Things are moving fast; the IoT industry is growing and evolving. There are thousands of different devices and manufacturers, which causes some industry-wide concerns about whether IoT devices can be managed securely and reliably. Our traditional methods for securing devices and data were based on the assumptions that devices can be monitored, information can be encrypted, and the flow of data could be monitored by human oversight. IoT devices often have no intelligence of their own and constantly collect and process small amounts of data, which makes them difficult to monitor.

Implementing IoT security controls

We have not yet implemented a dedicated tracking system for all IoT efforts at Microsoft, but we are working closely with known IoT initiatives, including:

• Automated meetings with Microsoft Graph and Surface Hub.
• Beacon devices in Microsoft facilities that offer peer geolocation information.
• Proximity-based meeting booking.
• Beacon-based asset tracking.
• Smart parking.
• Facility monitoring and optimization.

We are creating comprehensive use cases that define the risks, impacts, and probability for each threat.

Defining enterprise scenario risk levels

We define and document threats and risks for each type of device, and we use the scope of impact to define the enterprise risk level for each enterprise scenario. A simple IoT sensor that can detect a person might be used to turn up the lighting in a walkway—it could also be used by a rescue and response team to find people in a disaster. Even the simplest sensor can be used in a critical scenario, so we needed to develop a strategy to help us define high-risk scenarios and how we can implement controls and policies to help mitigate risks. Appendix A contains a more comprehensive list of some known threats and our mitigation strategies.

High-risk enterprise scenarios

We decided to focus on establishing a standard and baseline set of controls high-risk enterprise scenarios first. These scenarios represent our core business functions. Any loss of these systems would have a substantial impact on the daily operation and business interest of the company. Other high-risk enterprise scenarios include the loss or misuse of devices that could result in physical harm to people, property, or equipment. For high-risk scenarios, we use the highest level of controls, including:

• IoT sensors that monitor or manipulate Highly Confidential resources should be classified as Highly Confidential and be treated appropriately.
• If the resource can affect the physical environment in a way that could harm a person, that resource should be classified as Highly Confidential and be treated appropriately.
• Information about the health and status of critical infrastructure, including employee health and welfare, should be trustworthy and reliable.
• Devices should be registered in a central location so that they can be assessed for security vulnerabilities, updated, tracked, and placed in a controlled physical environment to minimize the potential for tampering.
• These devices need a device management solution, via a gateway device, in the event a sensor is unable to function.
• Sensor integrity should be ensured by encrypted communications and verified by redundant backup sensors or other nearby devices, if possible.
• All devices must be linked to an owner to help assure accountability.
• Business needs and risks must be evaluated to decide if a device should connect via the internet or be segregated in a separate network.
• Devices should be logically separated to prevent device vulnerabilities from affecting the company’s main data processing services and information.
• All network communication should be device-initiated and outbound to minimize potential malicious interference.

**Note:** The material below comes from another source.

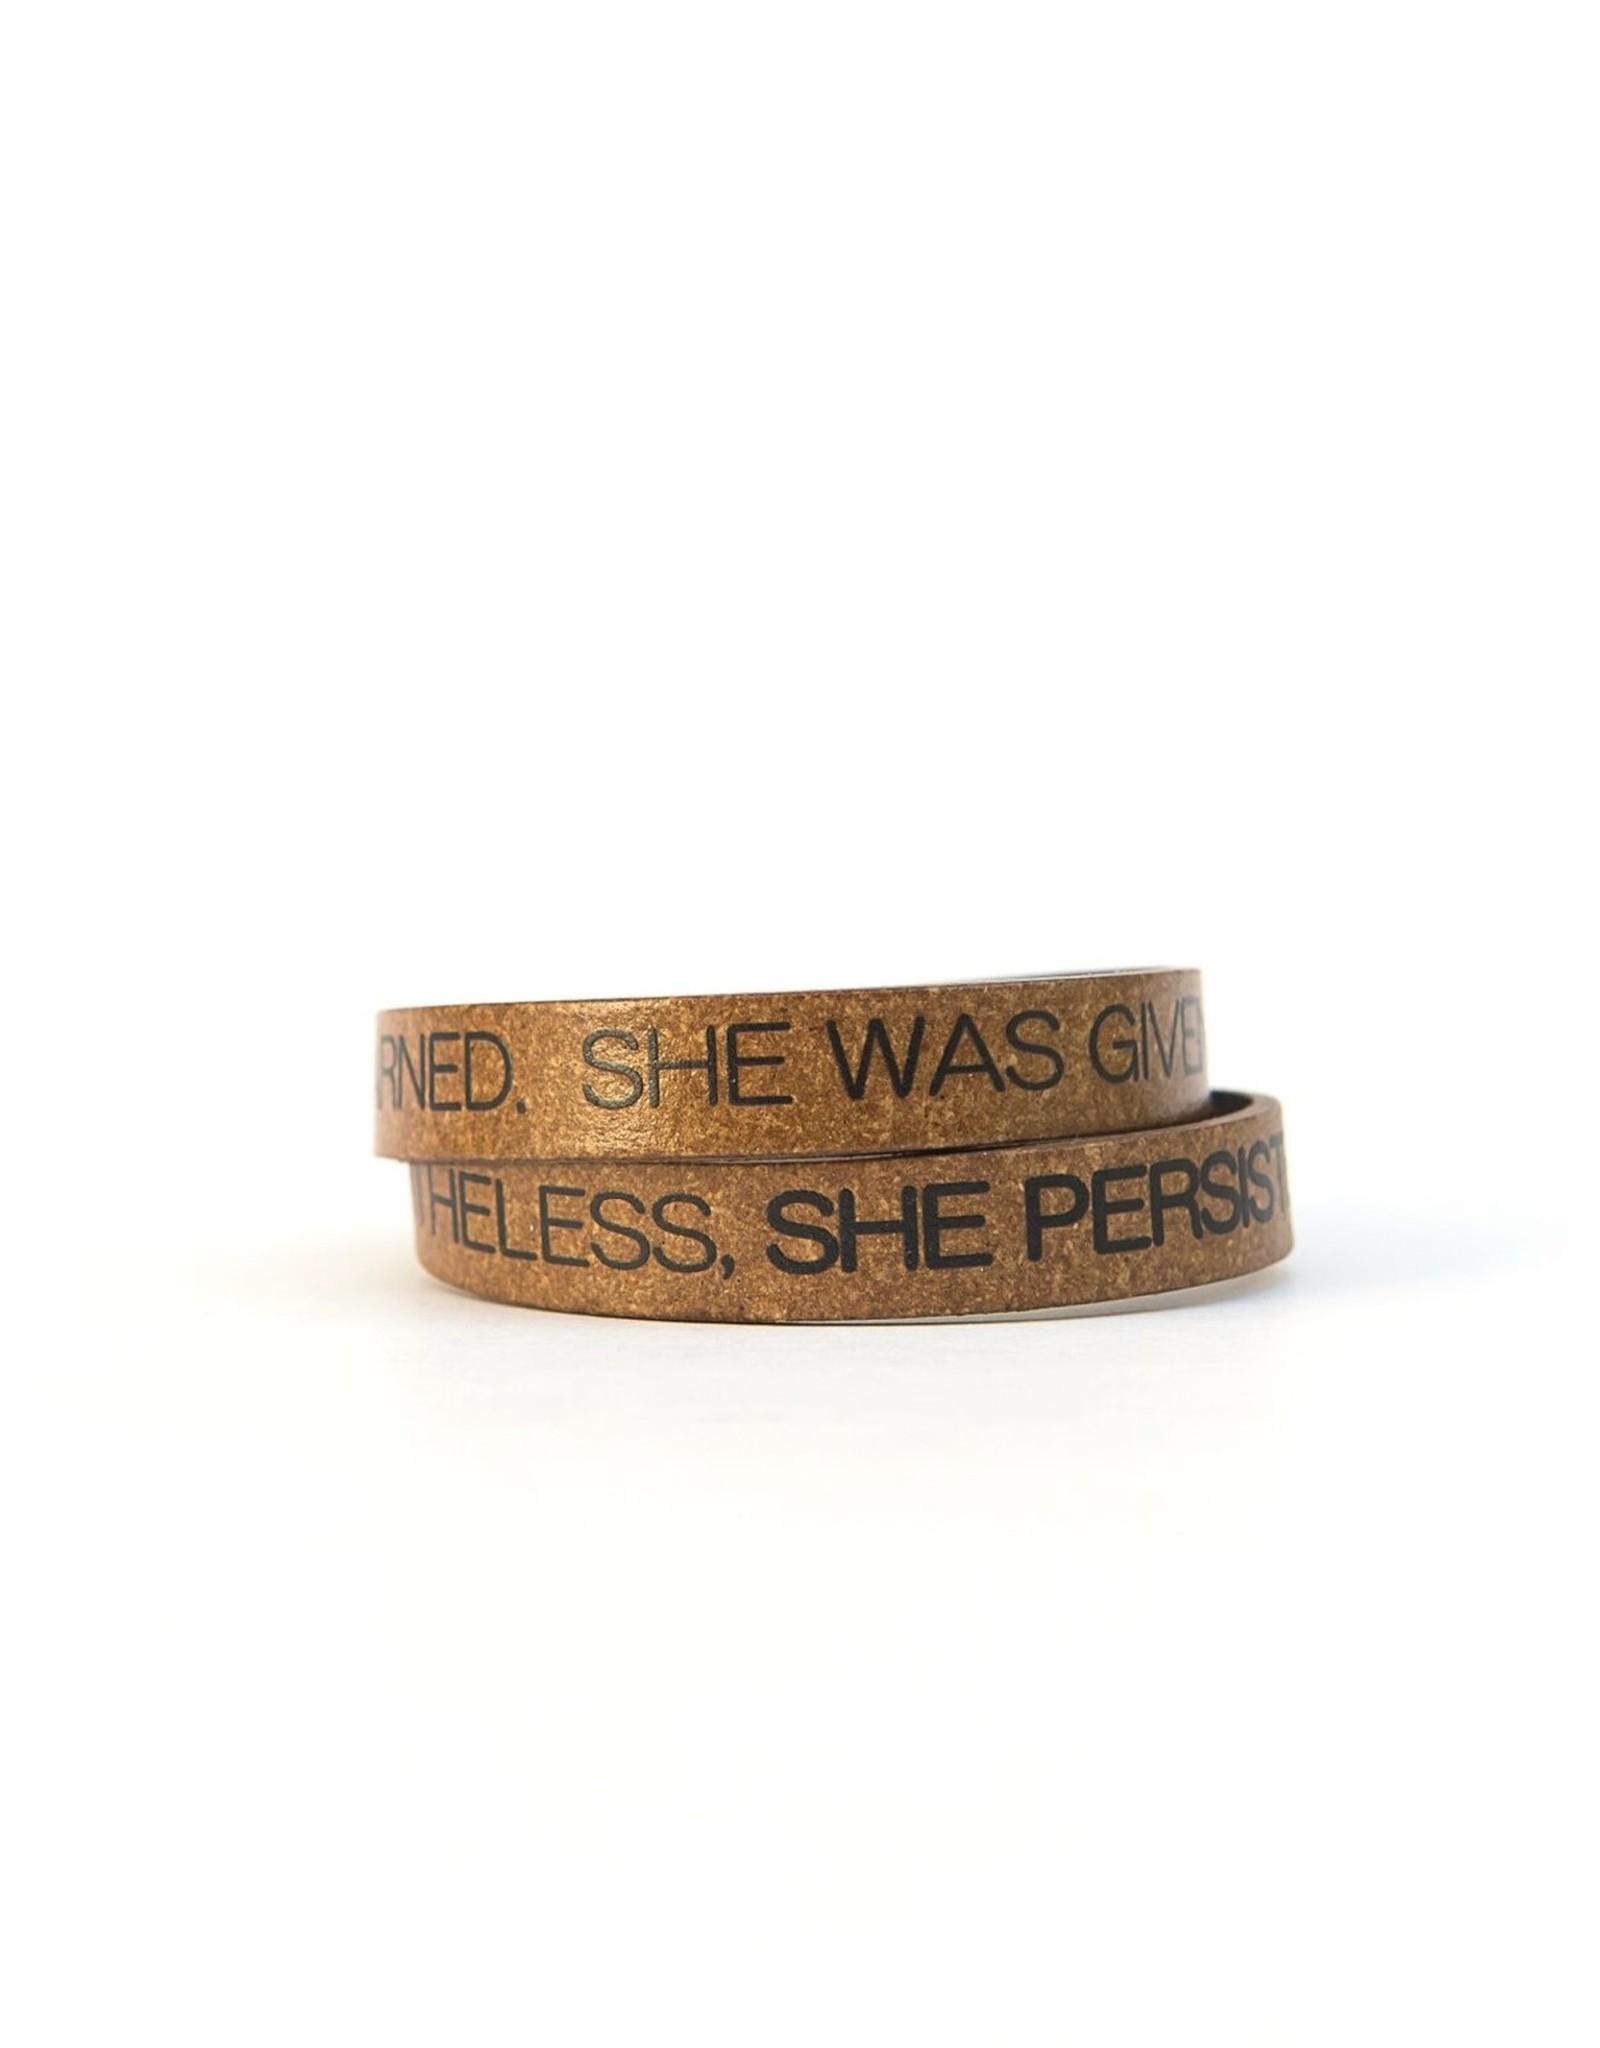 Leather Enscribed Wrap Bracelet She Persisted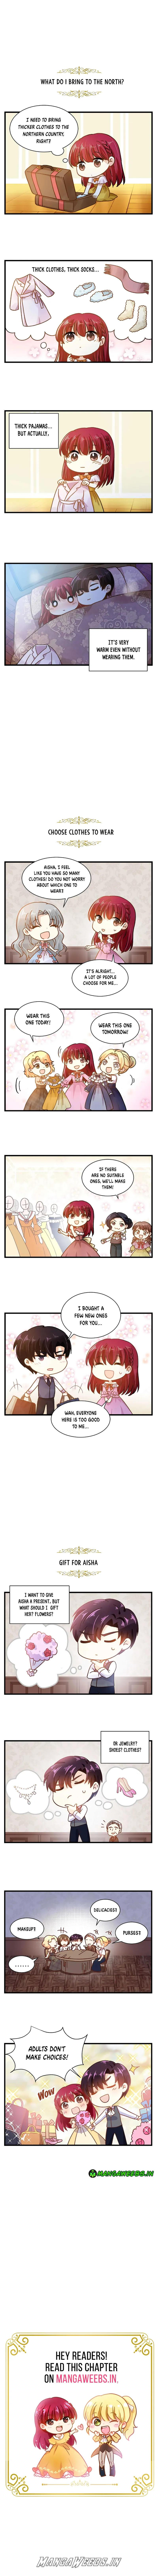 The Evil Lady Will Change Chapter 100.3 page 1 - Mangakakalots.com

Medium-risk enterprise scenarios

We are developing more medium-risk enterprise scenarios as we become more reliant on IoT data for planning, modeling, and developing app features. Compromise or loss of this type of data can lead to tangible business impacts. For medium-risk scenarios, we established recommendations for information security, including:

• Many of these devices have limited processing power and the ability to authenticate, monitor, patch, and control them directly is severely limited.
• No high-risk data should be generated, moved, or stored on these IoT solutions.
• These devices should connect to resources via Azure.
• IoT devices should be regulated via a trusted gateway device that can be managed in a traditional sense and connect to Azure IoT for data storage and access to corporate resources.
• Extra care needs to be taken to calibrate and validate data from medium-risk devices to ensure that interference (malicious or accidental) can be detected and remediated.

Low-risk enterprise solutions

While controls and mechanisms should be put in place for low-risk scenarios, they are not the focus of our IoT security standards. These items present minimal risk if they are rendered unusable. Low-risk IoT devices should not have substantial business efforts built upon their availability or data. For low-risk scenarios, we established recommendations for information security, including:

• At Microsoft, any IoT scenario that falls into this category should connect to corporate resources (with appropriate control mechanism) via Azure.
• No Microsoft classified data (Highly Confidential, Confidential, or General) should be generated, moved, or stored on these devices.
• The ability to encrypt, wipe, or revoke security certificates should be applied to all devices that are deployed in areas where physical security is not ensured.

Classifying IoT devices

To help us manage the diversity of IoT devices, we have settled on a few different ways to classify them, starting with how much we know about the device and how it works.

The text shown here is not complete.